Description of the task:
An exact transcription of all the records below is required, without any images.

Material supplied:
====

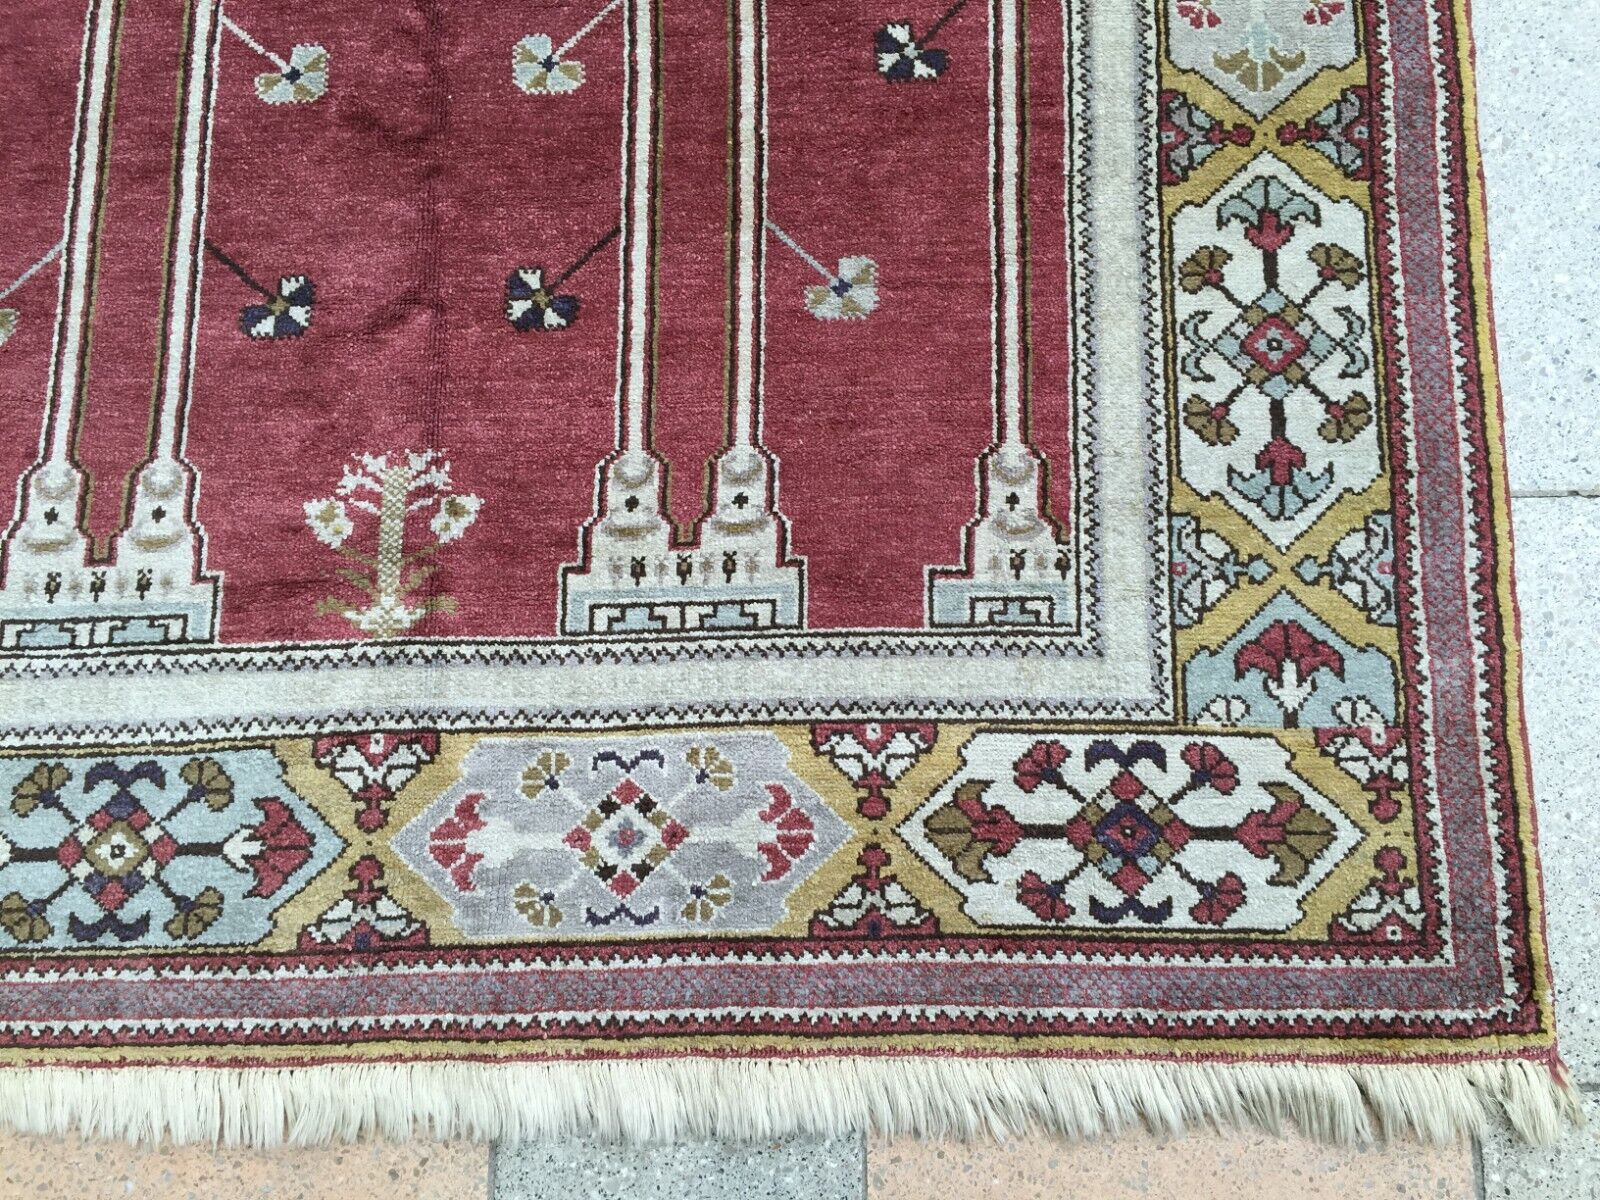 Overhead shot of the rug displaying its symmetrical patterns and design details
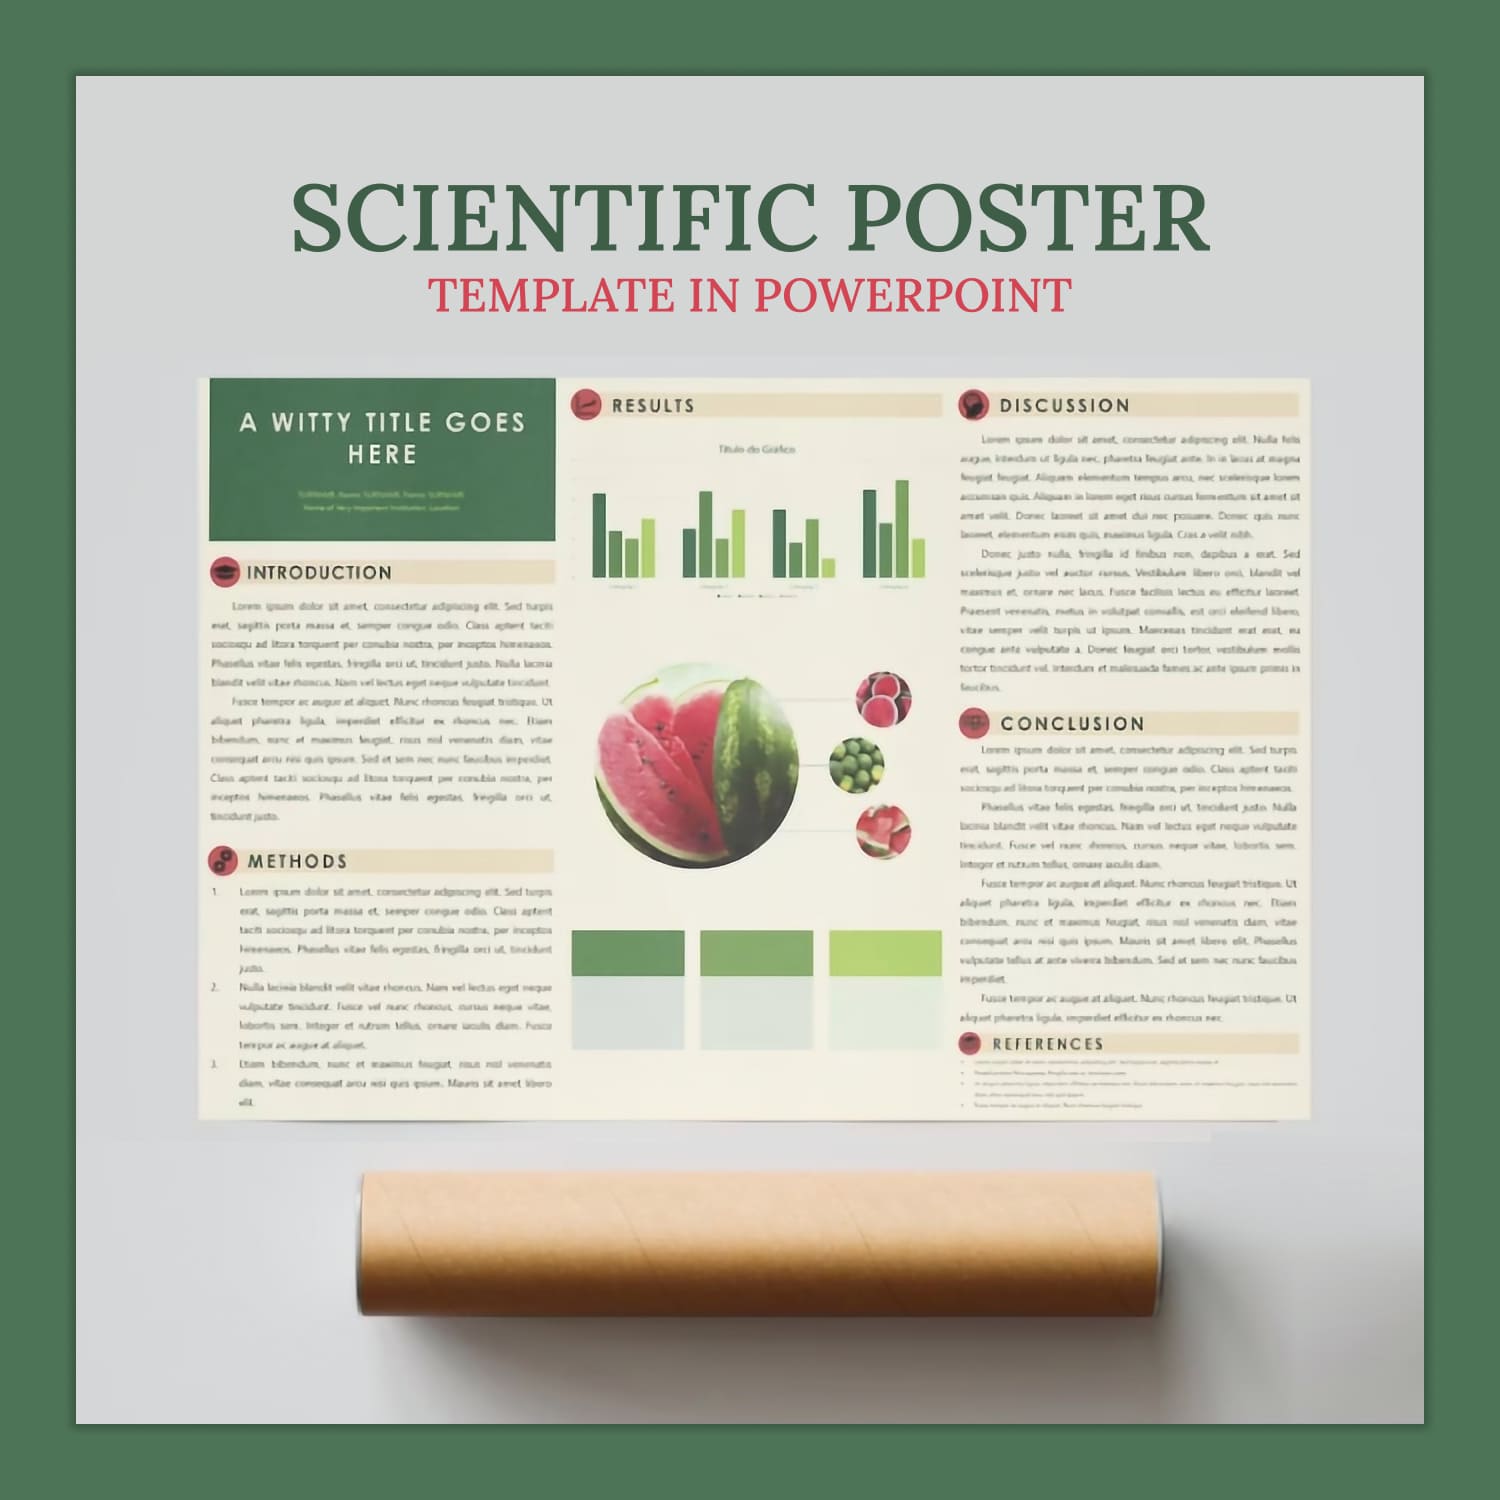 How to Make a Fabric Research Poster with PowerPoint
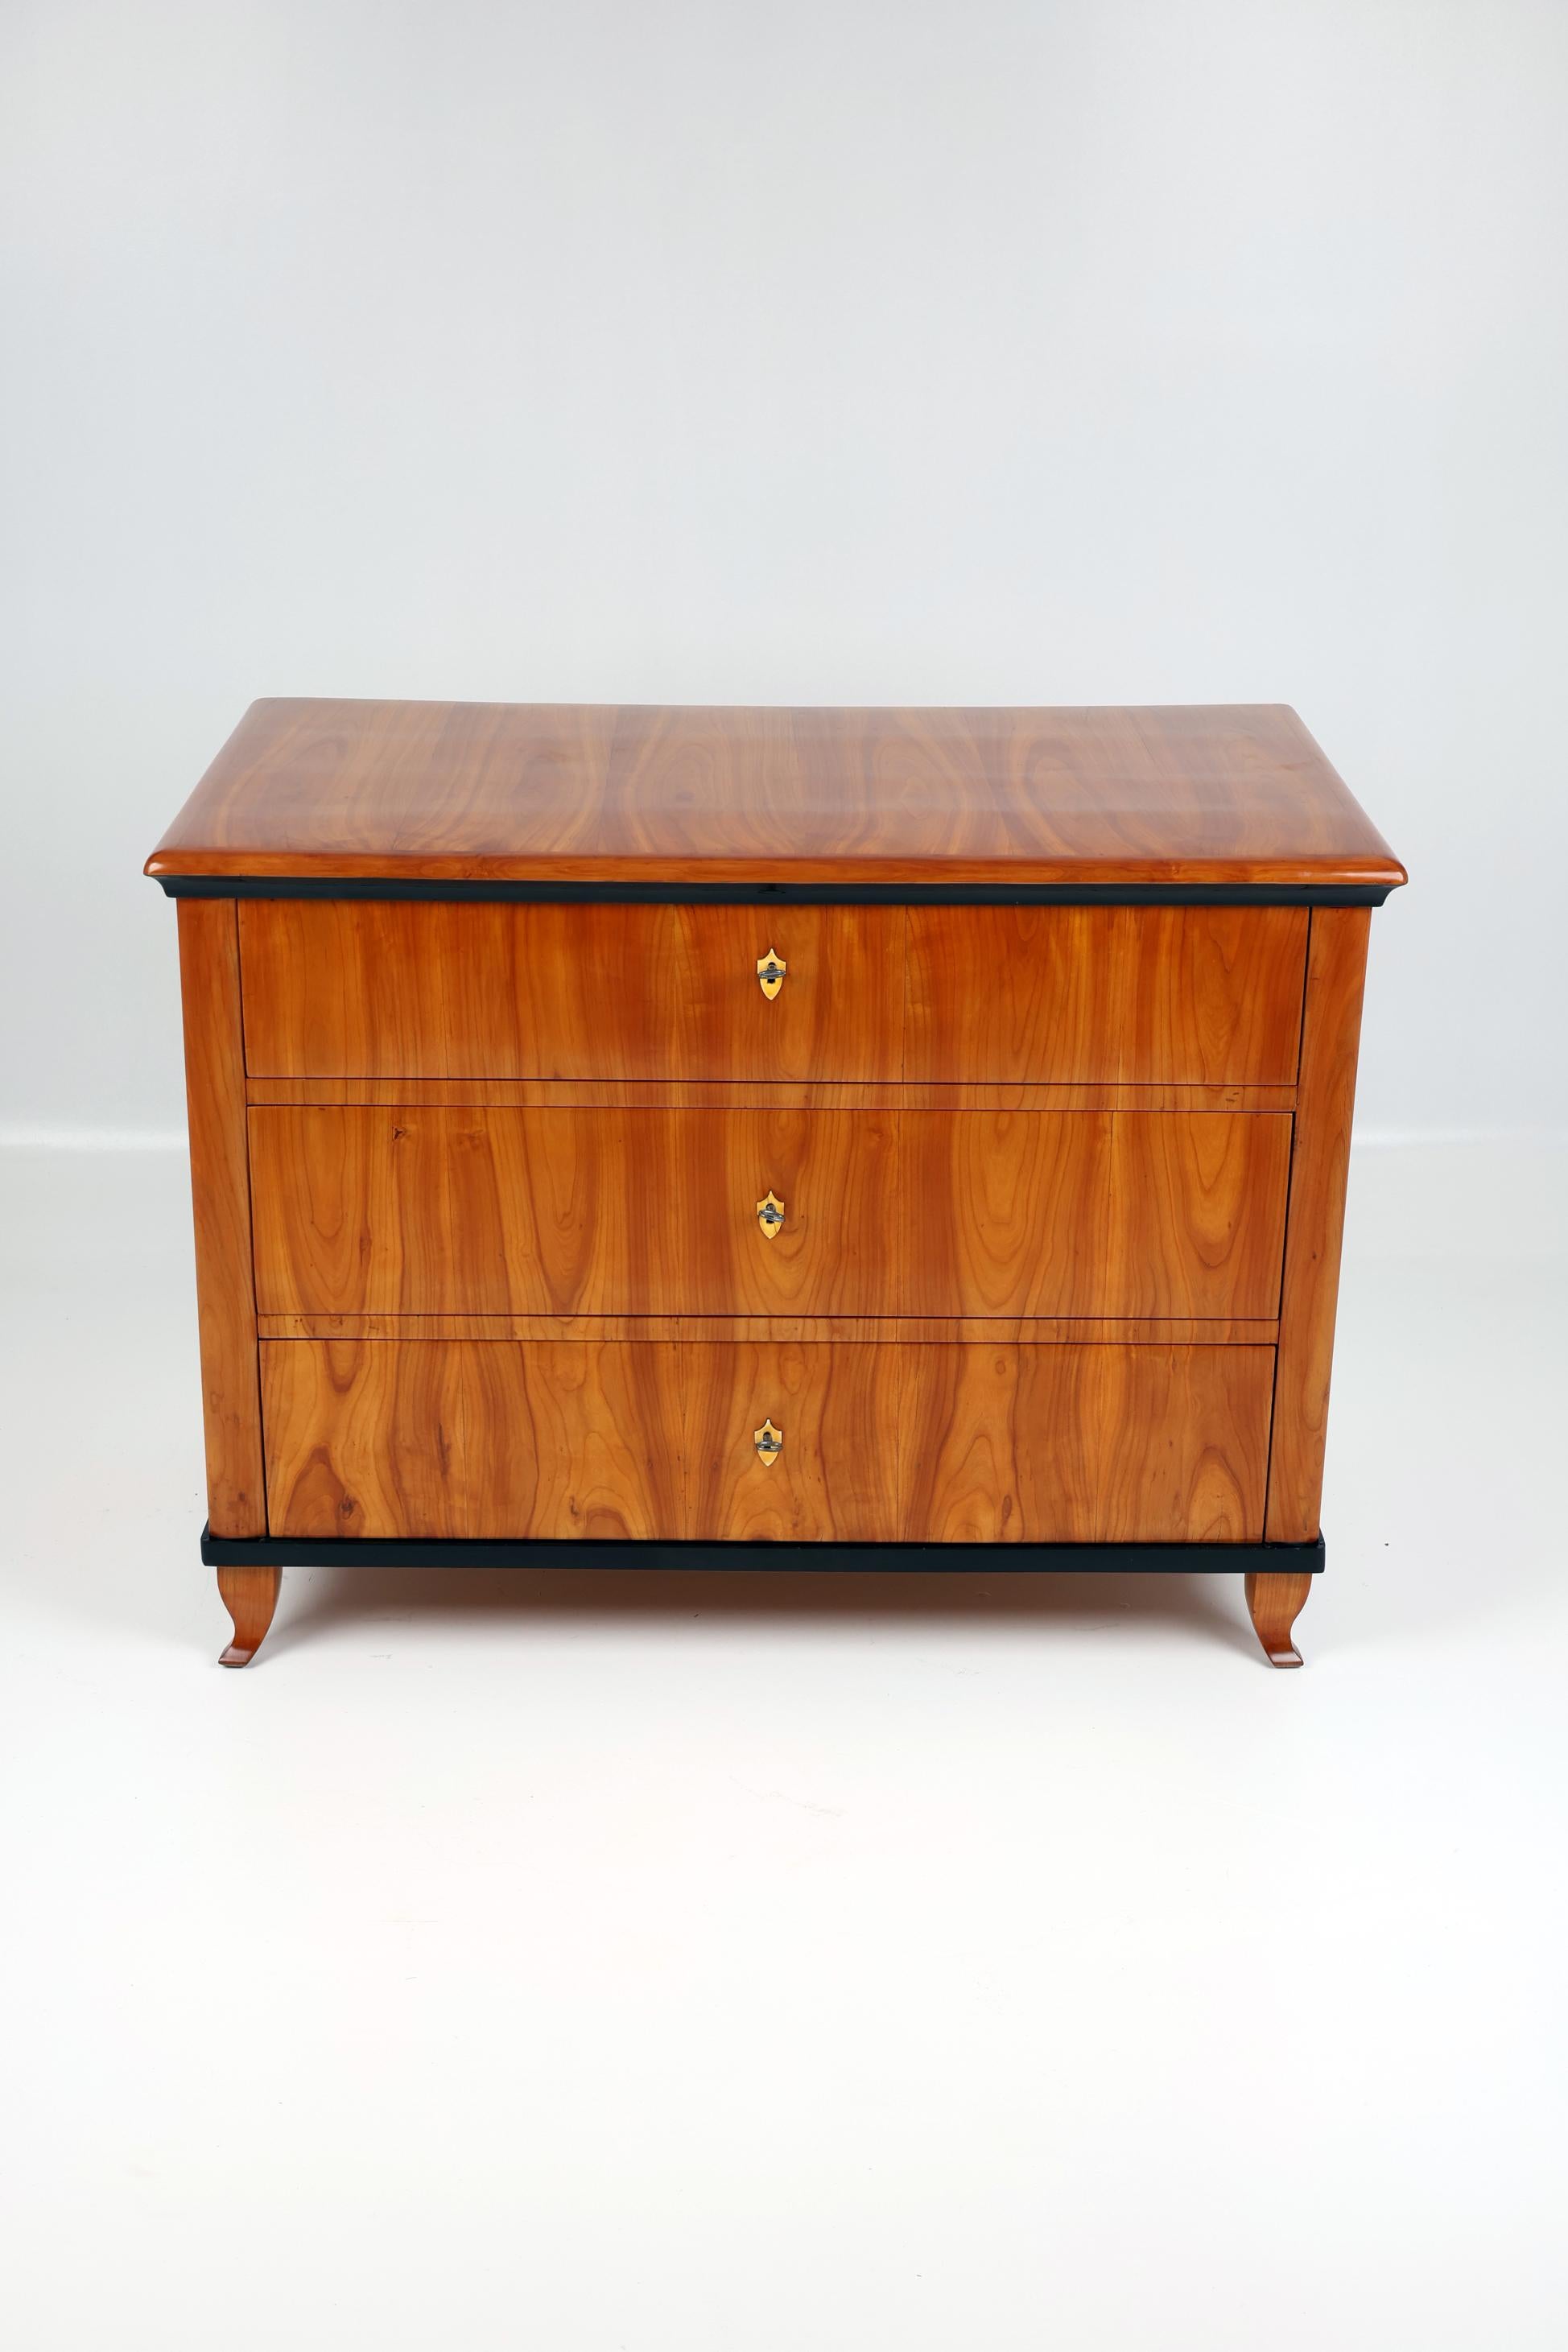 19th Century Biedermeier Chest of Drawers,
Germany, 1830
Cherry Wood 

This Biedermeier chest of drawers in cherrywood dates from 1830. With a length of 60 cm, a width of 107 cm and a height of 80 cm, it offers plenty of space for clothing and

====

Response to the exercise:
 Overhead shot of the rug displaying its symmetrical patterns and design details
 How to Make a Fabric Research Poster with PowerPoint
 19th Century Biedermeier Chest of Drawers,
Germany, 1830
Cherry Wood 

This Biedermeier chest of drawers in cherrywood dates from 1830. With a length of 60 cm, a width of 107 cm and a height of 80 cm, it offers plenty of space for clothing and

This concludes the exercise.